Discussion Plays
I have seen plays that have very clear stories, and very clear plots. I leave the theatre knowing what has happened, and I can be pretty confident that the people who sat around me in the theatre all got the same message as I did.
I have also seen plays that are completely the opposite. There doesn’t appear to be a story. There doesn’t appear to be plot. There are no real characters. For these plays, all of a sudden, I have to do the work in order to make sense of it all. And you can be pretty sure that every single audience member got something different out of it.
I want to talk about this second kind of play. For now, I’m going to call this kind of play a discussion play, because for me, the best part about these kinds of plays is the discussion I have with my friends afterwards. We’ll all sit down in a restaurant or a cafe, order some food, and try to figure out what the hell we just saw. Theories are tossed around. Everybody brings their own unique impressions and observations to the table. A very rich ecosystem of ideas develops.
Back to Peer Code Reviews
(trust me, this all ties together in the end)

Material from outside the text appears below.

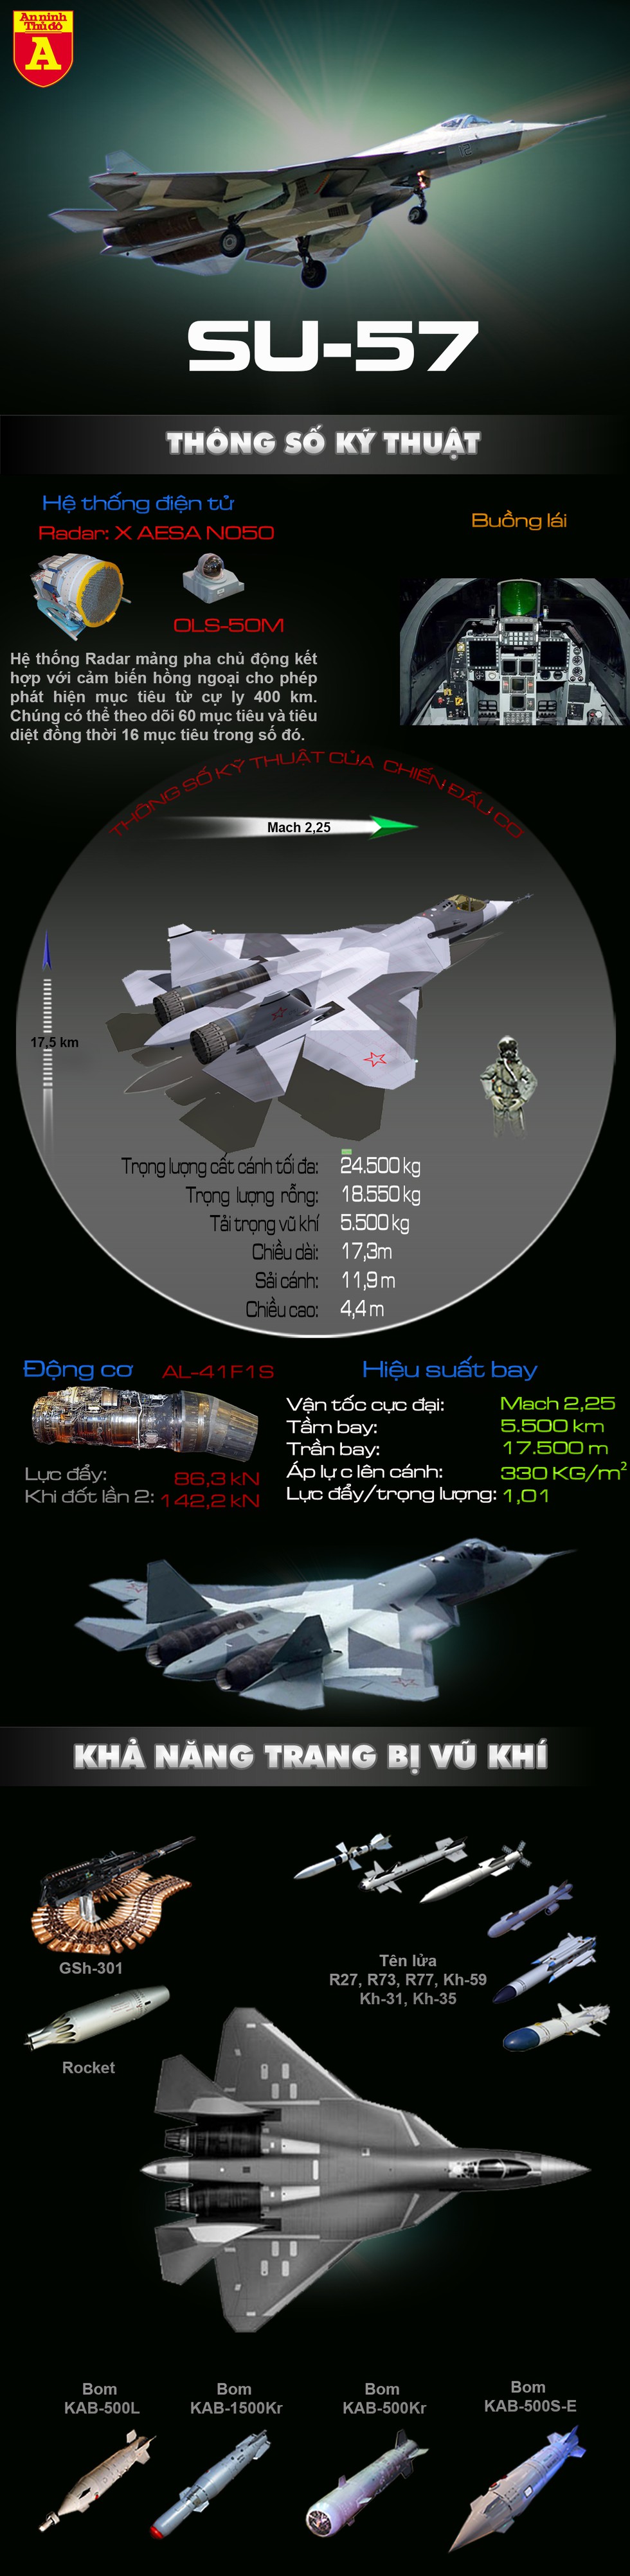 [Infographics] Giá Su-57E cao gấp 3 lần F-35, nhưng khách vẫn sẽ đổ tới mua vì sao? - Ảnh 1
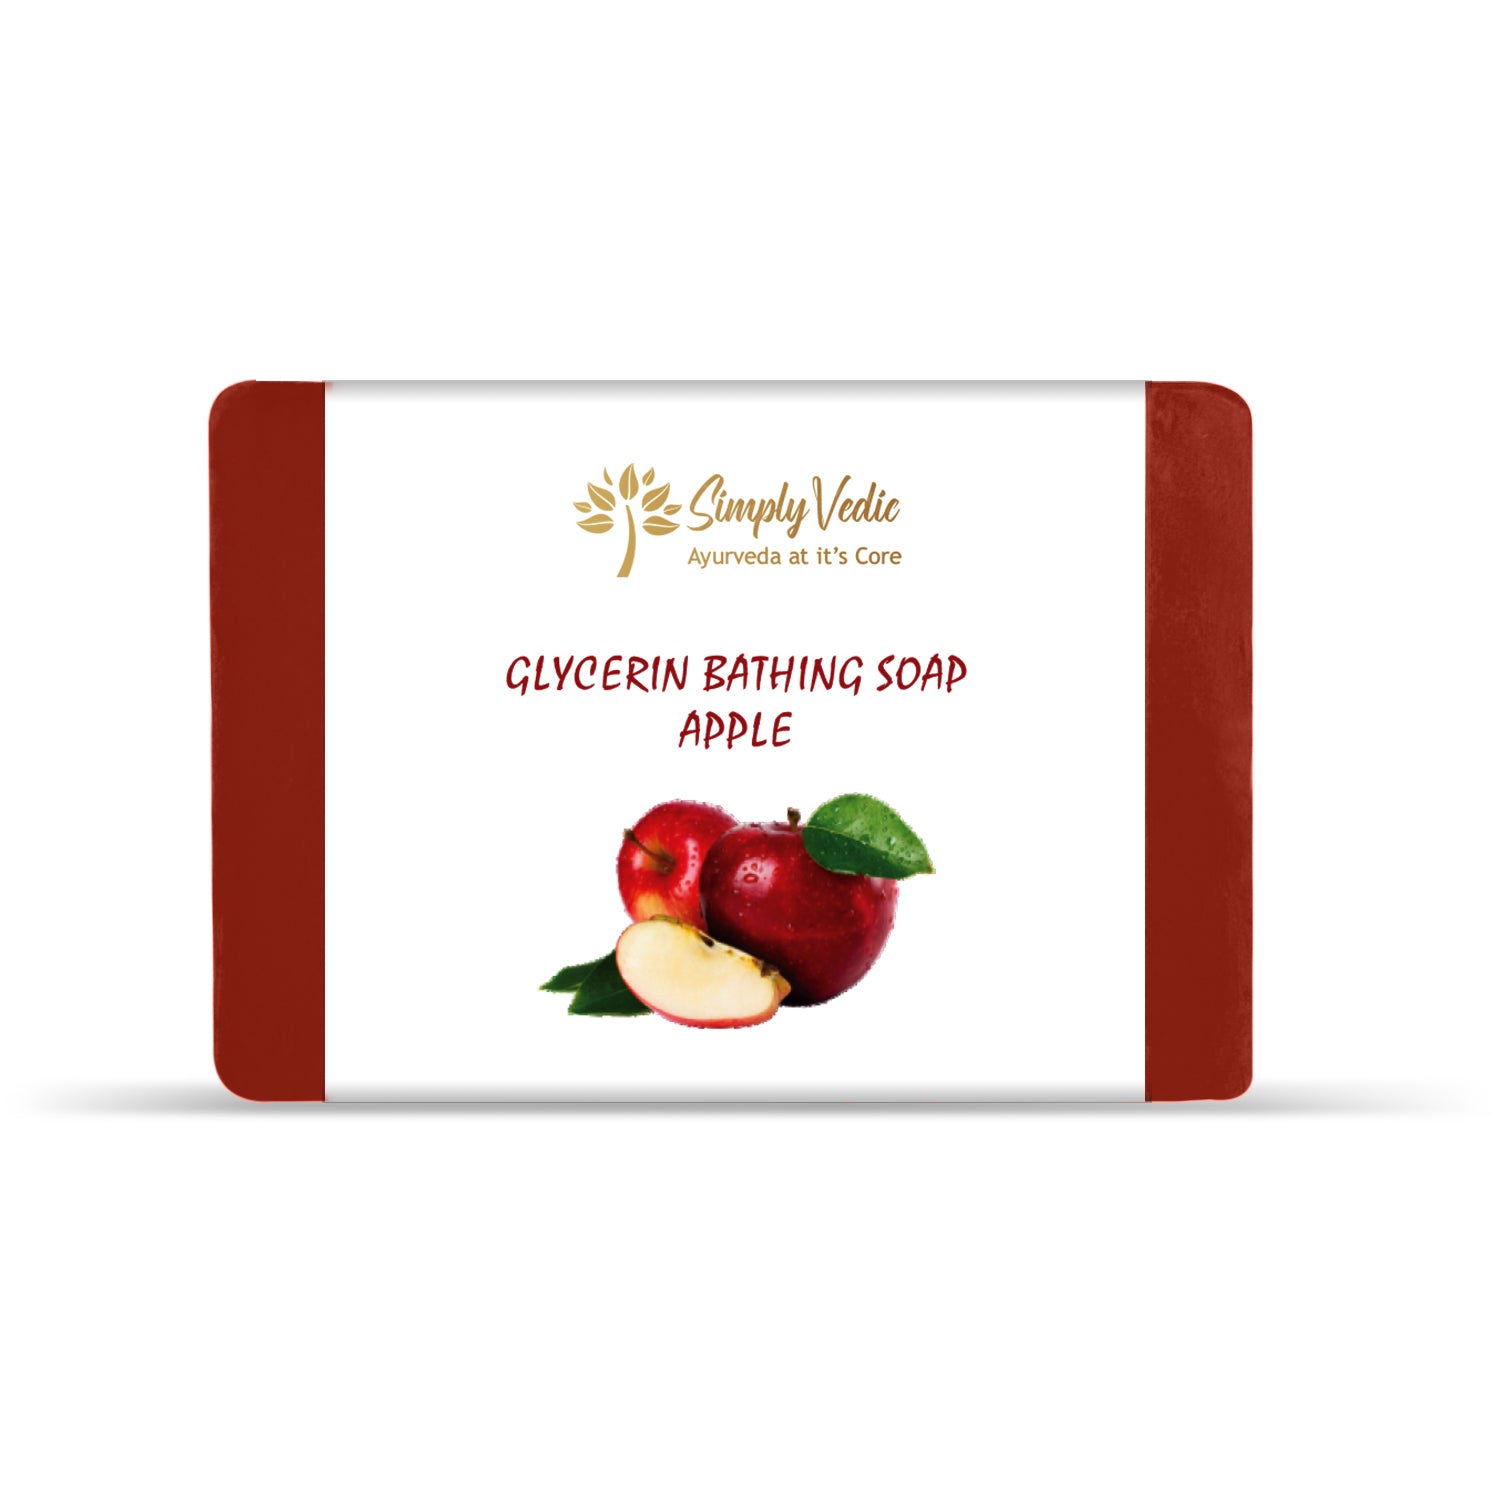 Simply Vedic's Apple Glycerin soap

When Jason Cohen did his Peer Review at Cisco Study, he noticed that code that had been prepared by the author for review seemed to have a lower defect density than code that had not been prepared.
What do I mean by prepared? I’ll let Jason Cohen explain:
The idea of “author preparation” is that authors should annotate their source code before the review begins. Annotations guide the reviewer through the changes, showing which files to look at first and defending the reason and methods behind each code modification. The theory is that because the author has to re-think all the changes during the annotation process, the author will himself uncover most of the defects before the review even begins, thus making the review itself more efficient. Reviewers will uncover problems the author truly would not have thought of otherwise.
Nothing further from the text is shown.